По окончании экспедиции офицеры возвращались «на зимние квартиры»: в крепости и к месту стоянки полков. Раненые и заболевшие большей частью отправлялись в пятигорский госпиталь, к целебным ключам и ваннам. «Всякий туда норовил, — вспоминал Н. П. Раевский. — Бывало, комендант вышлет к месту служения: крутишься, крутишься дельце сварганишь — ан, и опять в Пятигорск. В таких делах нам много доктор Ребров помогал. Бывало, подластишься к нему, он даст свидетельство о болезни. Отправит в госпиталь на два дня, а после и домой, за неимением в госпитале места. К таким уловкам и Михаил Юрьевич не раз прибегал...».46

Летом 1841 г. Пятигорск был заполнен военными. В гостинице, ресторации, у серных источников, на бульваре, — всюду можно было встретить только что приехавших из отрядов офицеров с перевязанными ранами. Много было и выздоравливающих,

386

прогуливающихся по аллеям или сидящих в ресторации. Из окон доносились звуки музыки, говор, стук биллиардных шаров.

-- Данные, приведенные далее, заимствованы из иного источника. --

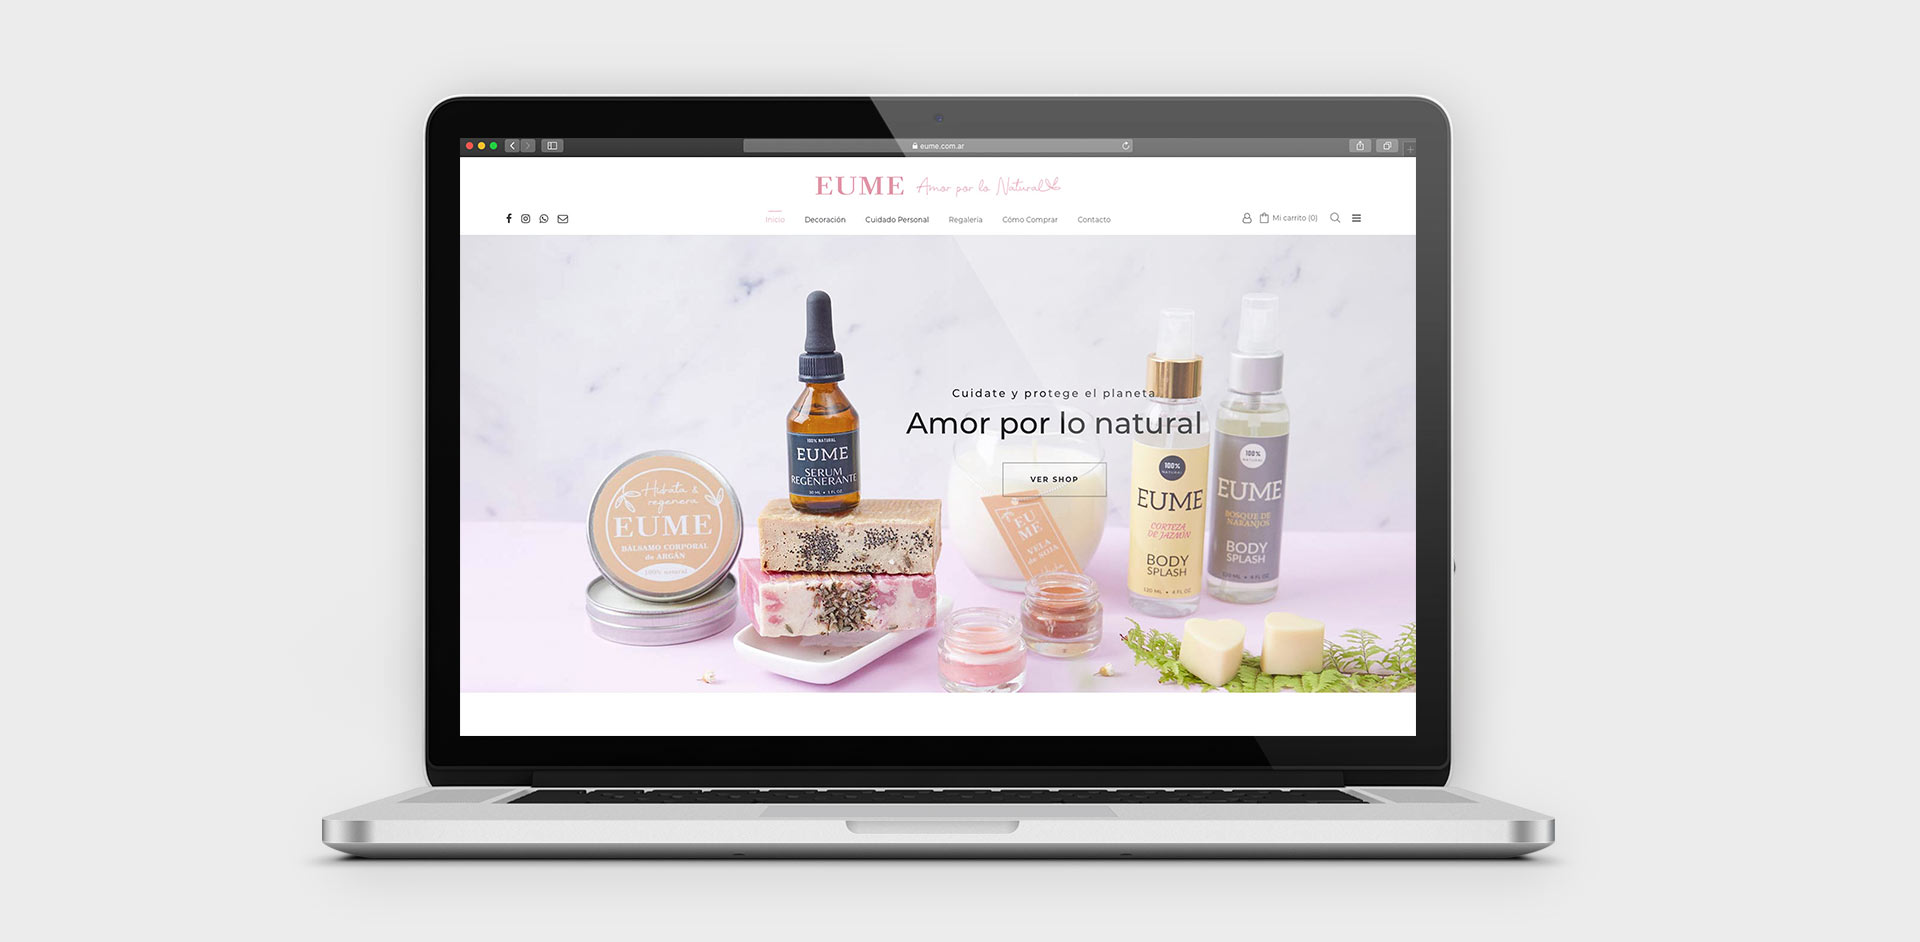 Diseño y desarrollo de una tienda online / ecommerce para Eume cosmética natural. By OKD Estudio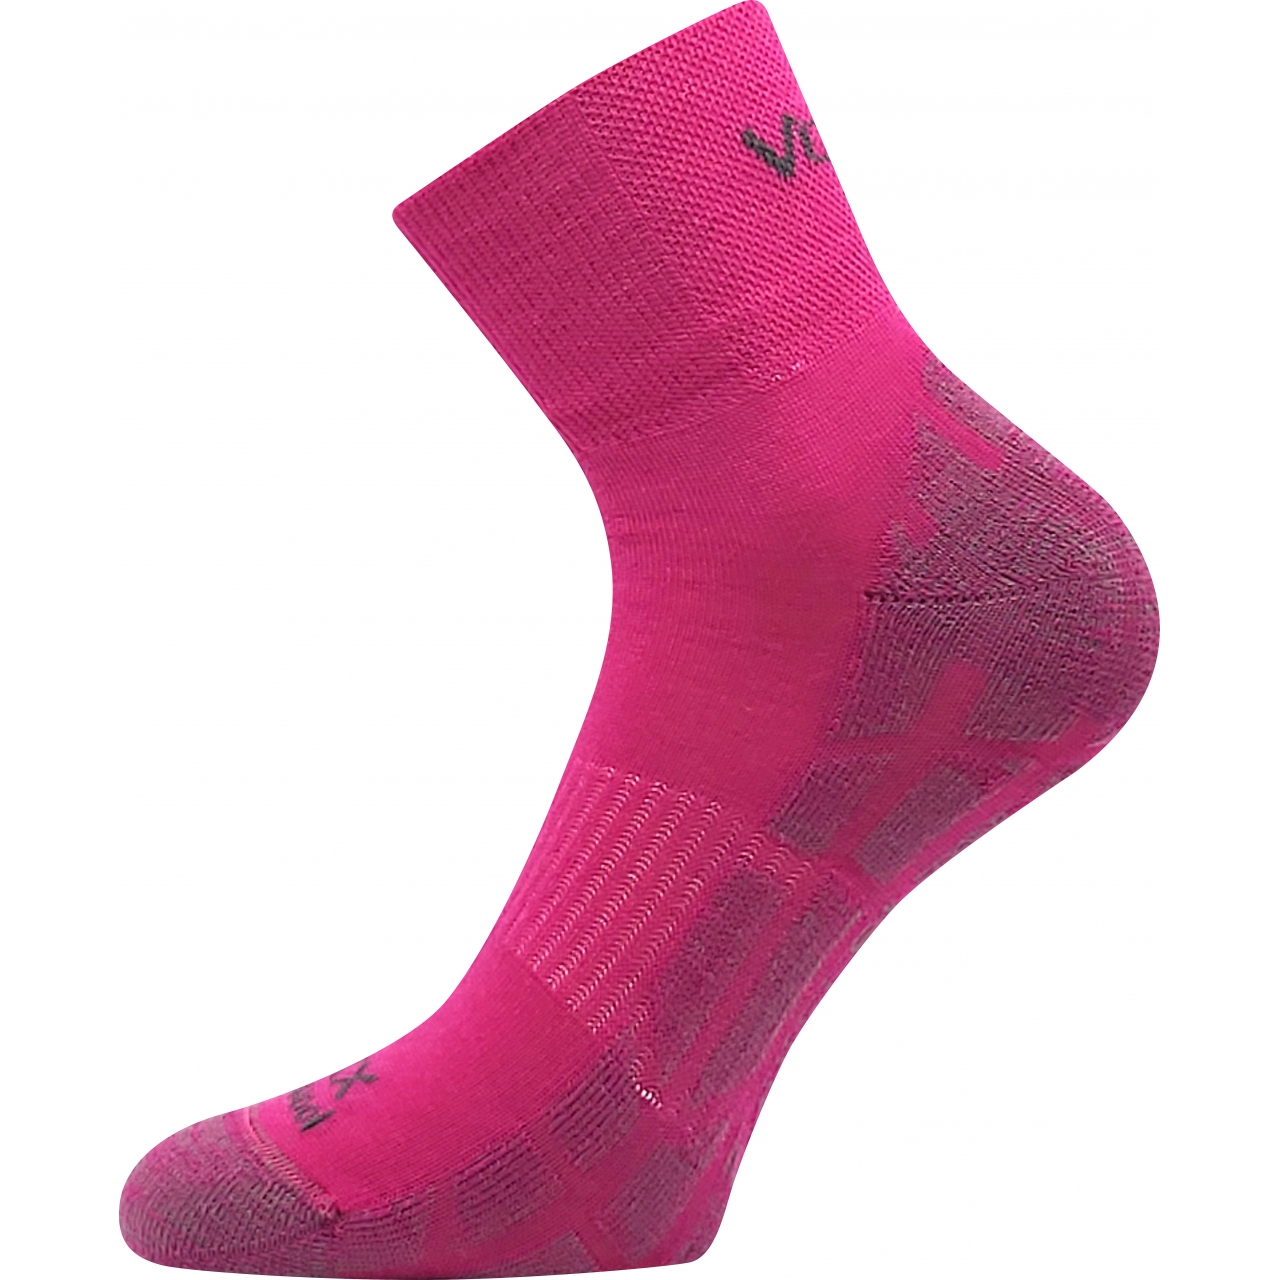 Ponožky unisex sportovní Voxx Twarix short - růžové, 39-42

«Раз или два в неделю мы собирались в залу ресторации Найтаки и плясали до упаду часов до двенадцати ночи <...>. Помню приезжавших на время из экспедиций гвардейских офицеров: Александра Адлерберга 1, кирасира Мацнева, которому я проиграл 500 рублей на 12 000, им заложенных и которые заманчиво разбросаны были в разных видах по столу в одной из комнат, носившей название „chambre infernale“», — вспоминал А. И. Арнольди, описывая лето 1841 г. в Пятигорске.47

«Piatigorsk, 9 июля» — такова надпись к акварельной зарисовке, изображающей карточную игру между офицером кирасирского полка Мацневым и полковником В. С. Голицыным.48 Положив на зеленое сукно ломберного стола три карты, Голицын прикрывает их рукой. Грузная фигура его, затянутая в мундир с полковничьими эполетами, свободно откинута на спинку стула. Зоркий взгляд внимательных глаз устремлен на партнера. «Le précepteur» («наставник») — гласит надпись, сделанная рисовальщиком.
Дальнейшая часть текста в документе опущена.